= Bernardo di Niccolò Machiavelli =

Father of Niccolò Machiavelli

Bernardo di Niccolò Machiavelli (between 1426 and 1429 – 1500) was a citizen of Florence and father to Niccolò Machiavelli. Although he was a Doctor of Law (hence, his title of Messer), he was heavily in debt, and was one of the Machiavelli family's poorest members. Bernardo, was born illegitimately and thus could not become a full citizen of Florence, nor could he participate in Florentine politics. This affected his son Niccolo as well, who himself could not obtain full citizenship rights. He is known independently for his diary or Libro di Ricordi, chronicling the years 1474–1487. The pages, housed in the Biblioteca Riccardiana in Florence, serve as a look into the life and culture during this period and provide the only reliable information on his famous son's early youth.
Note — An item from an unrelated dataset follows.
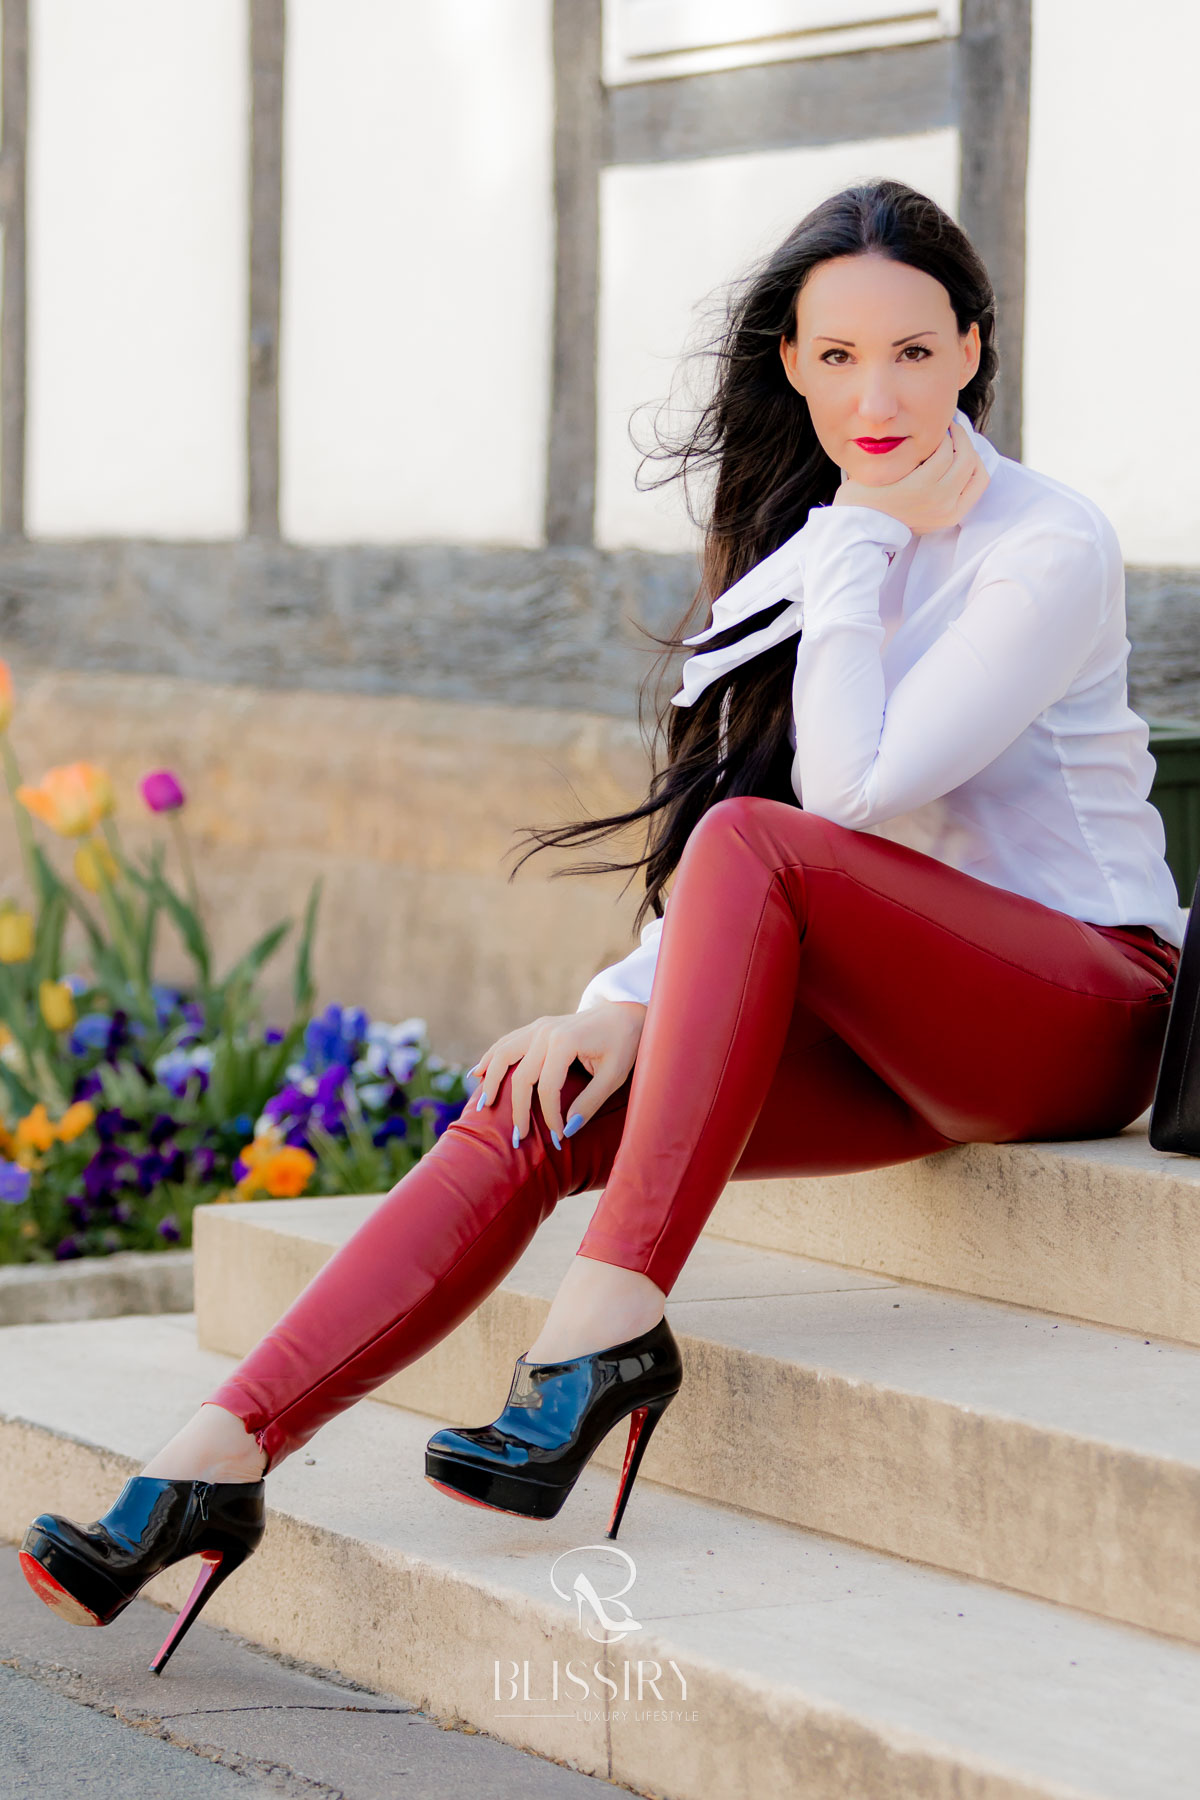 Fashionblogger Vanessa Pur - Luxusblog - Lederhose in rot, Plateau Pumps von Christian Louboutin, weiße Bluse - Handtasche Karl Lagerfeld - Smartphone - Lifestyleblog - lange Haare, rote Lippen

Bernardo Machiavelli was married to Bartolommea di Stefano Nelli. They had four children, Primavera, Margherita, Niccolò (the author of The Prince) and Totto.

==Bibliography==
- Catherine Atkinson: Debts, Dowries, Donkeys. The Diary of Niccolò Machiavelli’s Father, Messer Bernardo, in Quattrocento Florence, Frankfurt am Main 2002, ISBN 3-631-38351-7
- Cesare Olschki, Hrsg.: Bernardo Machiavelli, Libro di Ricordi, Florenz 1954.